I hold a commercial pilot’s license with ratings for airplanes, single- and multi-engine, instrument, instructor ratings for all of the above, and a private-pilot rating for rotorcraft. I have worked for a living as a flight instructor and as a charter pilot. These days, when I’m not flying the Rotorway helicopter I built from a kit (www.rotorway.com) you will find me flying a lovely Beechcraft Bonanza or an absolutely gorgeous Beechcraft Baron.

In the Divisible Man novels, I have found a way to merge my love of aviation with my love of making things up. Toss in the fact that I taught myself touch typing in my early twenties (on an IBM Selectric -- wish I still had it) and you now know my Happy Places.
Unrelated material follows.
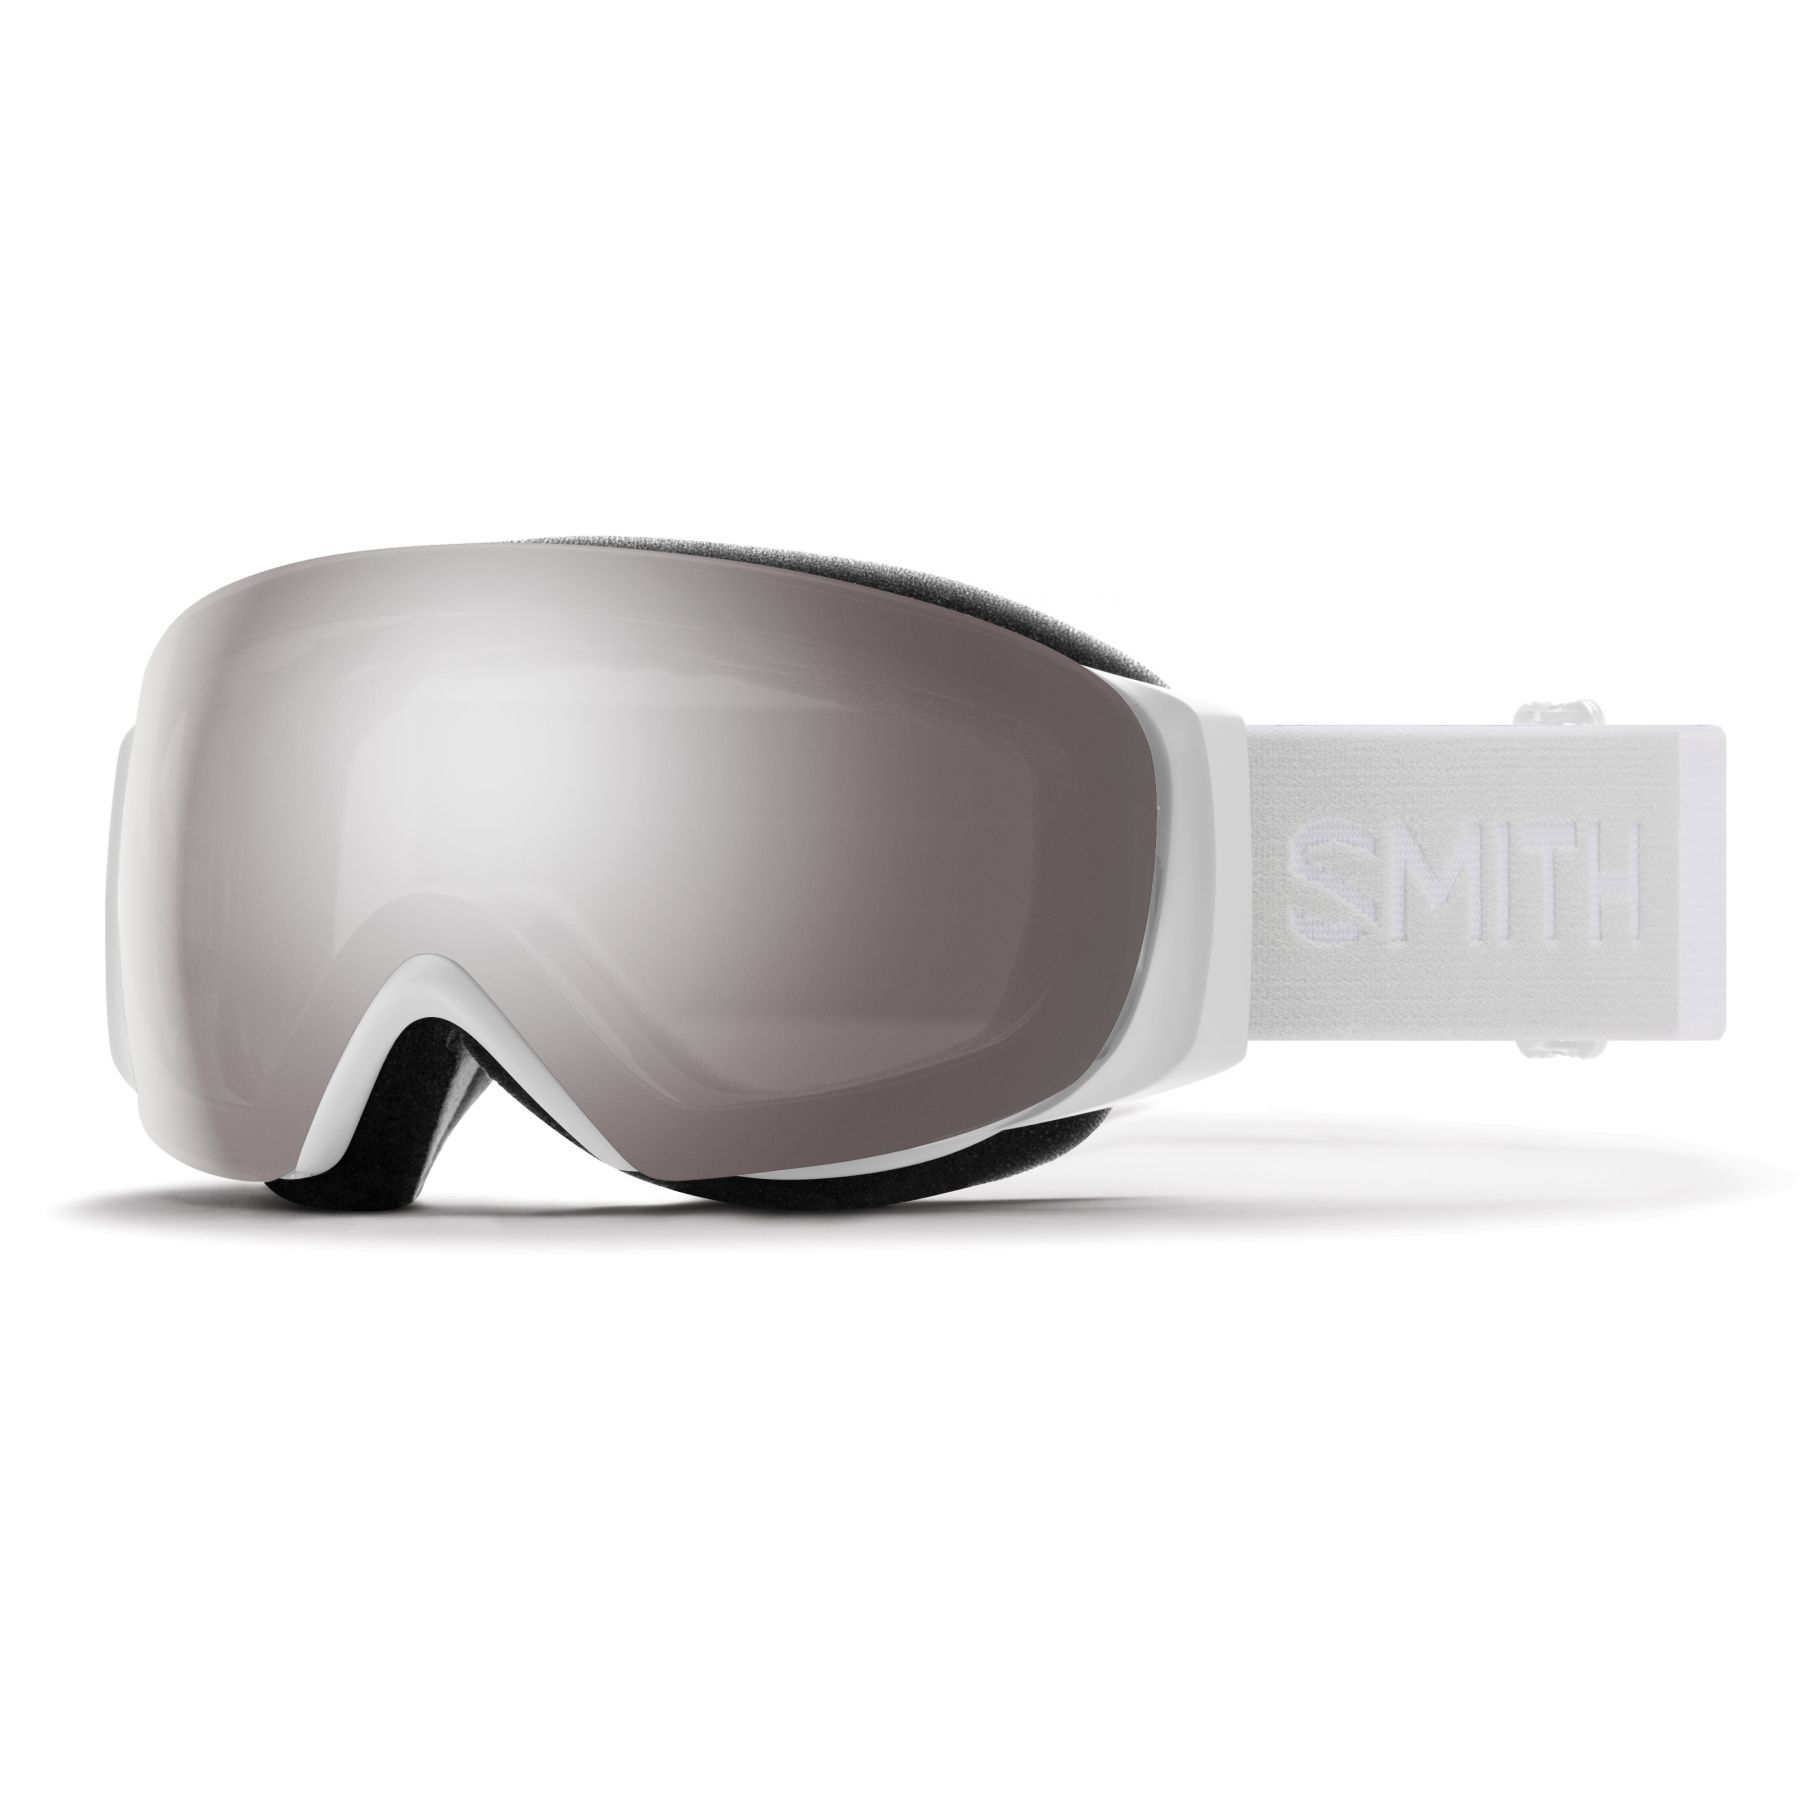 Billede af Smith I/O MAG S, skibriller, White Vapor hos Skisport.dk
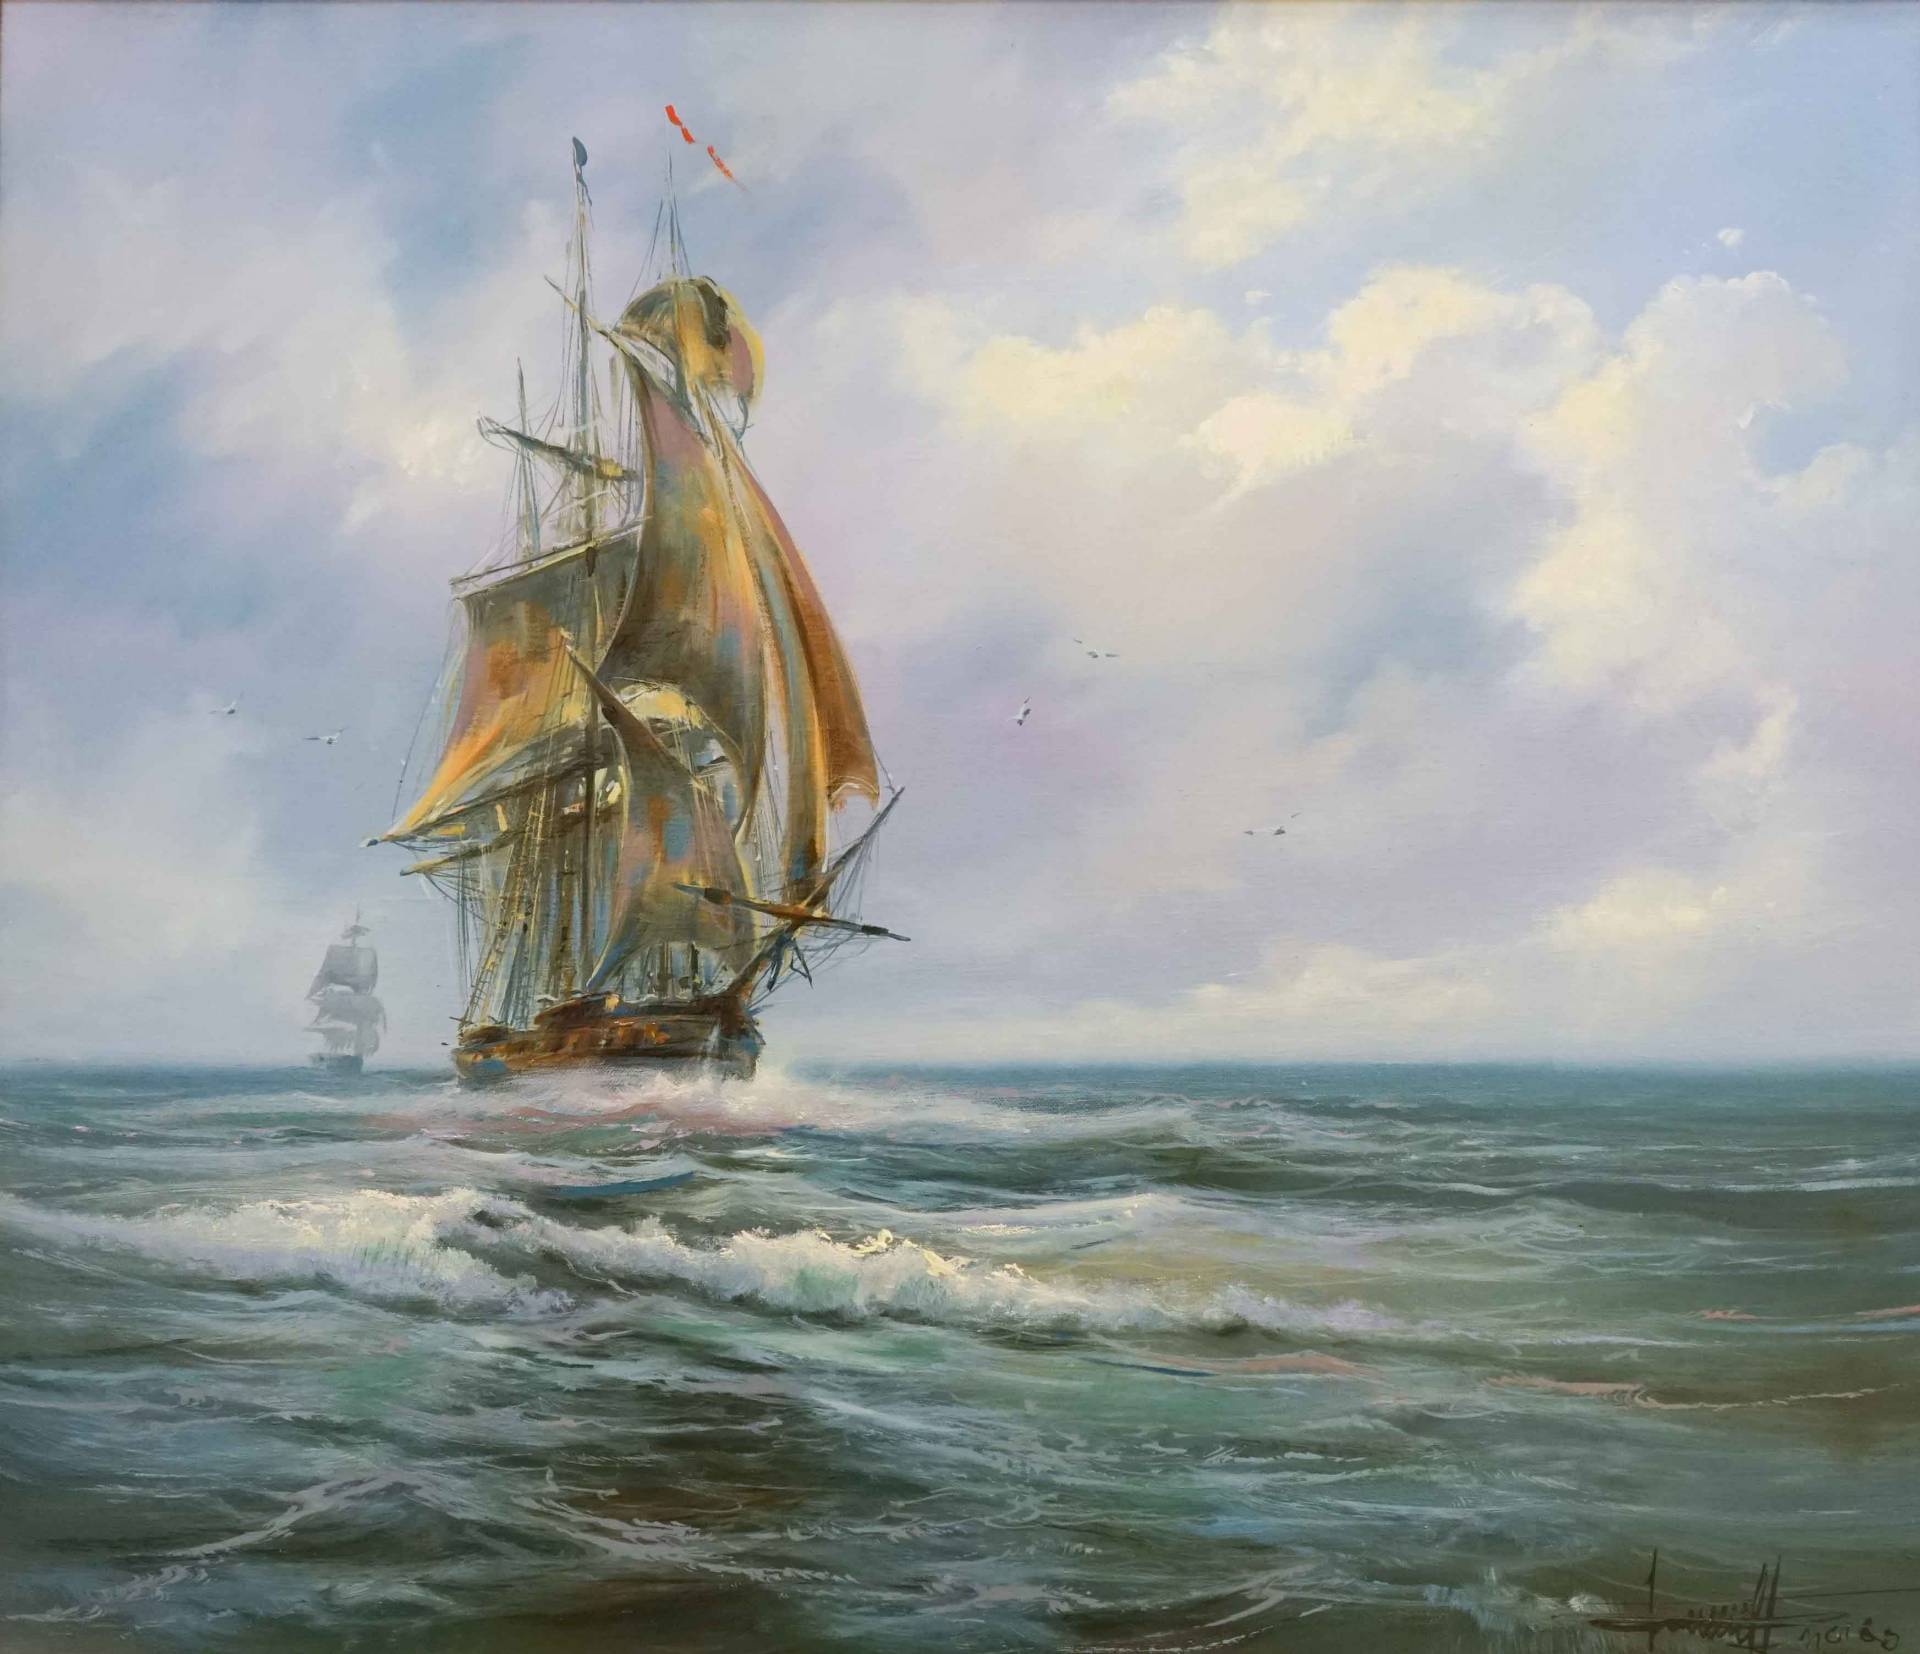 帆船 - 1, Dmitry Balakhonov, 买画 油

The airport. The laptop. Sometimes both simultaneously.

Technically being my second love doesn’t mean my wife isn’t my true love. As a first child, she is the gift God gave to keep this second child’s life on the rails, and to make impossible things possible. I am blessed with having her, and with knowing, as all pilot’s know, that no matter how cloudy things get, if you fly high enough, the sky is still blue.